DATA EXTRACTS:
- - - - - - -

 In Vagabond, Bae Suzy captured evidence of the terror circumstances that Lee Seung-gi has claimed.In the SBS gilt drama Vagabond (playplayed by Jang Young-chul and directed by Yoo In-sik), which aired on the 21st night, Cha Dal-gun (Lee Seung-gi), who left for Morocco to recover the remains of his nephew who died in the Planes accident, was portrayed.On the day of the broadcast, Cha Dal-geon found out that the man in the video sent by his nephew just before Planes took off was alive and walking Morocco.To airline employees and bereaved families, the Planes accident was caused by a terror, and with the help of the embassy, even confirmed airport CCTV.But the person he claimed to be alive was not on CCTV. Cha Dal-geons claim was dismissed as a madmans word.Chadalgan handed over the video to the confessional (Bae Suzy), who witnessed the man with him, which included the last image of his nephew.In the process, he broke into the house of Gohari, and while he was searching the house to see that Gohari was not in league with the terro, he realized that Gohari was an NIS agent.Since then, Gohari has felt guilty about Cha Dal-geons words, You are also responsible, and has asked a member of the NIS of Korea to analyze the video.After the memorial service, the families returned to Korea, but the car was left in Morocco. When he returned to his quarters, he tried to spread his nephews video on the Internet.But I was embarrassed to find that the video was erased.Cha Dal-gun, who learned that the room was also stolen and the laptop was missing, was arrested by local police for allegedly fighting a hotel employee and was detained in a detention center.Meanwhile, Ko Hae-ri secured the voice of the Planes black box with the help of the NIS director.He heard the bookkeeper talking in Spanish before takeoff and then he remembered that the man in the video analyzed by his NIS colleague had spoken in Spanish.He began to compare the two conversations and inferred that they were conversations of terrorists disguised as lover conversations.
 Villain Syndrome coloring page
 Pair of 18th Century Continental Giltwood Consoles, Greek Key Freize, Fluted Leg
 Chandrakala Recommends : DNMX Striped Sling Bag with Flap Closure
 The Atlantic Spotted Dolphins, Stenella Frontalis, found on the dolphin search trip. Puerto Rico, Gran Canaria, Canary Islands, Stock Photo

- - - - - - -

WHAT THE TASK ASKS:
The answer should contain every line of the data, unchanged.

ANSWER FOR THE TASK:
 In Vagabond, Bae Suzy captured evidence of the terror circumstances that Lee Seung-gi has claimed.In the SBS gilt drama Vagabond (playplayed by Jang Young-chul and directed by Yoo In-sik), which aired on the 21st night, Cha Dal-gun (Lee Seung-gi), who left for Morocco to recover the remains of his nephew who died in the Planes accident, was portrayed.On the day of the broadcast, Cha Dal-geon found out that the man in the video sent by his nephew just before Planes took off was alive and walking Morocco.To airline employees and bereaved families, the Planes accident was caused by a terror, and with the help of the embassy, even confirmed airport CCTV.But the person he claimed to be alive was not on CCTV. Cha Dal-geons claim was dismissed as a madmans word.Chadalgan handed over the video to the confessional (Bae Suzy), who witnessed the man with him, which included the last image of his nephew.In the process, he broke into the house of Gohari, and while he was searching the house to see that Gohari was not in league with the terro, he realized that Gohari was an NIS agent.Since then, Gohari has felt guilty about Cha Dal-geons words, You are also responsible, and has asked a member of the NIS of Korea to analyze the video.After the memorial service, the families returned to Korea, but the car was left in Morocco. When he returned to his quarters, he tried to spread his nephews video on the Internet.But I was embarrassed to find that the video was erased.Cha Dal-gun, who learned that the room was also stolen and the laptop was missing, was arrested by local police for allegedly fighting a hotel employee and was detained in a detention center.Meanwhile, Ko Hae-ri secured the voice of the Planes black box with the help of the NIS director.He heard the bookkeeper talking in Spanish before takeoff and then he remembered that the man in the video analyzed by his NIS colleague had spoken in Spanish.He began to compare the two conversations and inferred that they were conversations of terrorists disguised as lover conversations.
 Villain Syndrome coloring page
 Pair of 18th Century Continental Giltwood Consoles, Greek Key Freize, Fluted Leg
 Chandrakala Recommends : DNMX Striped Sling Bag with Flap Closure
 The Atlantic Spotted Dolphins, Stenella Frontalis, found on the dolphin search trip. Puerto Rico, Gran Canaria, Canary Islands, Stock Photo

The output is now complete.